Study the basics, be safe, take your time, and plan, plan, plan.

Having said that, I also stumbled on a product called conductive wire glue, which is supposed to work the same way, but obviously without anything solder-related. Haven't tried it yet, but i do find it an intriguing alternative. The obvious downside of course is the length of time (hours) that it would take for the glue to set, whereas solder is done in mere seconds. Not sure how strong the joints would be either. Anyway, this isn't an endorsement for that, but just throwing that out there. I still think soldering is the way to go - it may be intimidating, but it's more than doable.

Silver Serpent
10-09-2012, 07:11 AM
http://www.youtube.com/watch?v=AOdnGUMi7lQ is erv's video tutorial on soldering. That's what I used when I first learned how to solder.

Zahc Zi Phan
10-09-2012, 09:15 AM
Oh brainfart, thank you SS! I forgot to mention ERV's tutorial. Very helpful. I too watched that video when learning. Get the equipment and printed circuit boards like I said, and watch ERV's video a few times. If you do the above, you will be in good shape in no time.
Can't stress research on here enough either. Lots of info can be found in the search bar, it you still haven't found the info you seek, don't be afraid to ask questions. You are also welcome to PM me and I'll do my best to help. ;)

As for the solder-glue-stuff, might be a good alternative to soldering, but I don't know how it would hold up in a saber that's going to be smacked around and whatnot. You will also be cramming everything in the handle, likely pulling on wires and packing crap into small spaces, so you want the strongest connection possible. I would steer clear if possible. Learning to solder properly is the best plan of action IMHO.

Resta01
10-09-2012, 10:37 AM
Thank you everyone! I do feel a bit better about soldering now, haha. Also thanks for finding the recharge port diagram!


I've seen a few good diagrams and can probably dig them back up, but how are you planning on using the port? (AV switch, sound card, etc) If you give a better idea of your set up, I can see if I can find a specific diagram for you.

Oh, and if you want to use an AV switch, do you want it lit up when the kill key is pulled, or when the saber is turned on? Wiring up a recharge port isn't too hard, just depends on what you want to do. Mostly just goes between the battery and everything else...but I don't remember what goes to the kill switch negative port...think it's the battery negative (so when the kill key is in, the circuit is closed.)

Wow, I didn't know there were different types of recharge ports, I'm a bit lost now.

BlessedWrath
10-10-2012, 07:04 AM
Just be sure you've had enough practice before soldering Li-Ion packs.
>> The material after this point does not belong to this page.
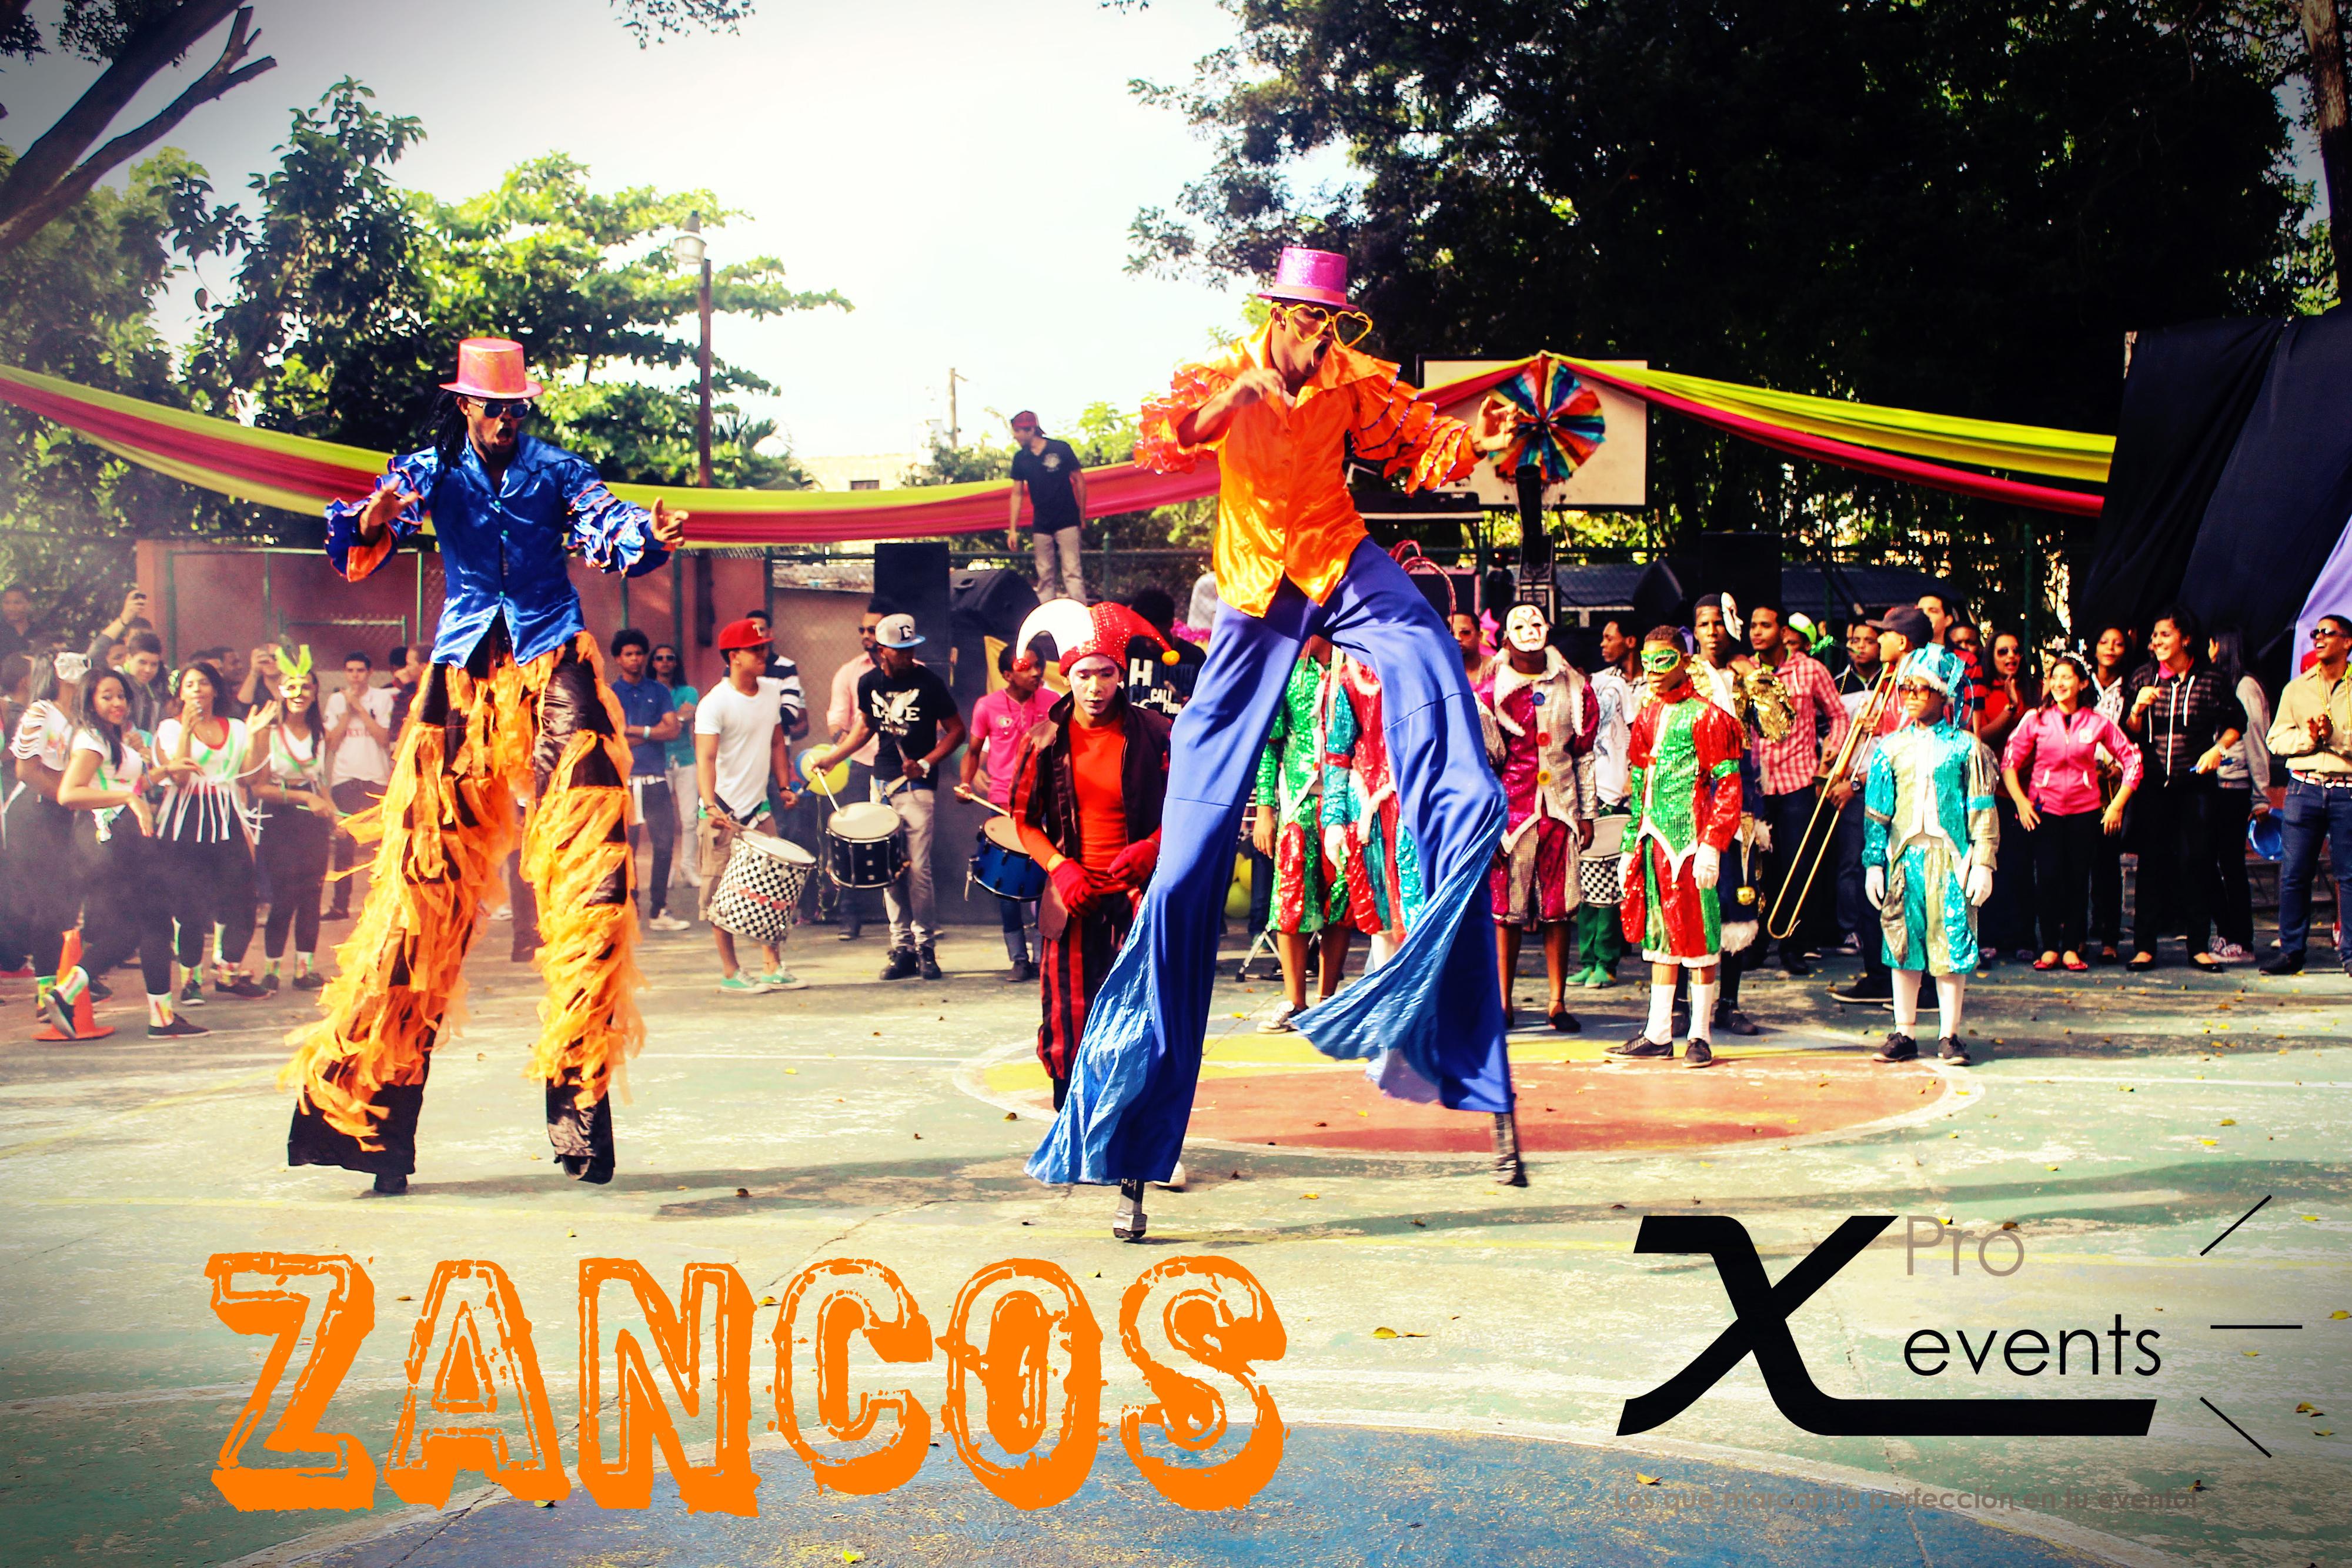 X Pro events  - 809-846-3784 - Zancos.jpg

I never did mine; I bought one from TCSS. The prospect of overheating a battery just doesn't sit right with me.

Kyaryo Ysoyav
10-10-2012, 07:24 AM
Thank you everyone! I do feel a bit better about soldering now, haha. Also thanks for finding the recharge port diagram!



Wow, I didn't know there were different types of recharge ports, I'm a bit lost now.
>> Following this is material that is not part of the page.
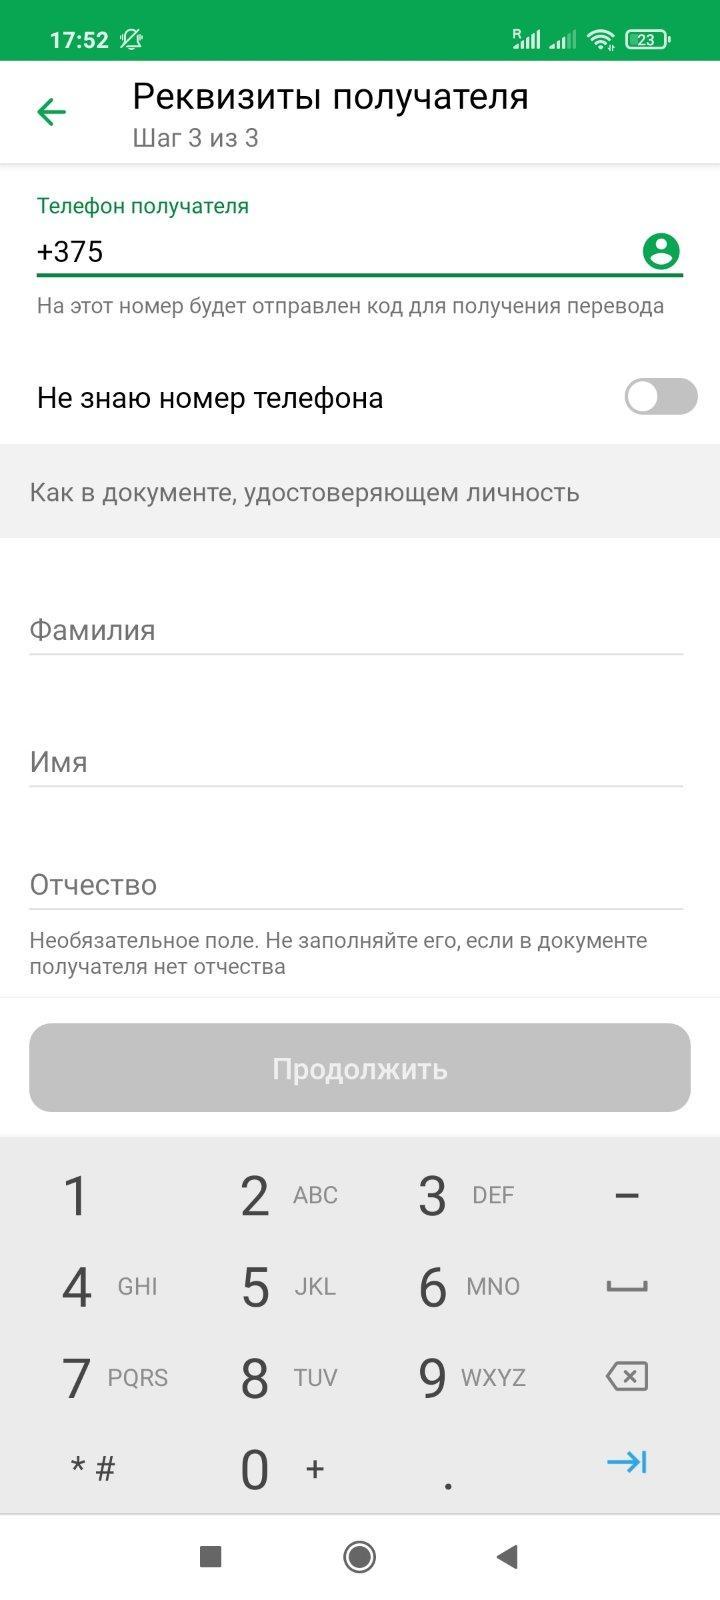 C:\Users\Лена\Desktop\изображение_viber_2021-04-19_17-54-38.jpg

It's not that are multiple recharge ports, it's just that you can wire them several different ways. The kill key just makes it so that if you plug something into the port, the circuit is closed. That way if you leave you saber on the shelf for a while you still have a full battery when you pick it up later. Normally you'd wire everything the same way, but if you have an illuminated AV switch you can set it up so when you take the kill key out it turns on (can be nice for belt display), or you can just wire it to your sound card and have it turn on when the saber is turned on.

Sorry to confuse! :p

Zahc Zi Phan
10-10-2012, 03:17 PM
Just an add on to the above post, with petit crouton (I have 2.0), if you simply use the accent led pads on the board to wire up the leds (either regular led OR illuminated anti-vandal) ONE of the leds will blink when the kill key is pulled, they will both blink and sequence when the saber is powered on. If you don't want the led to blink, but simply come on static on removal of the kill key, you'll have to wire the positive lead of the led into the positive prong of the recharge port. Don't forget the resistor though!!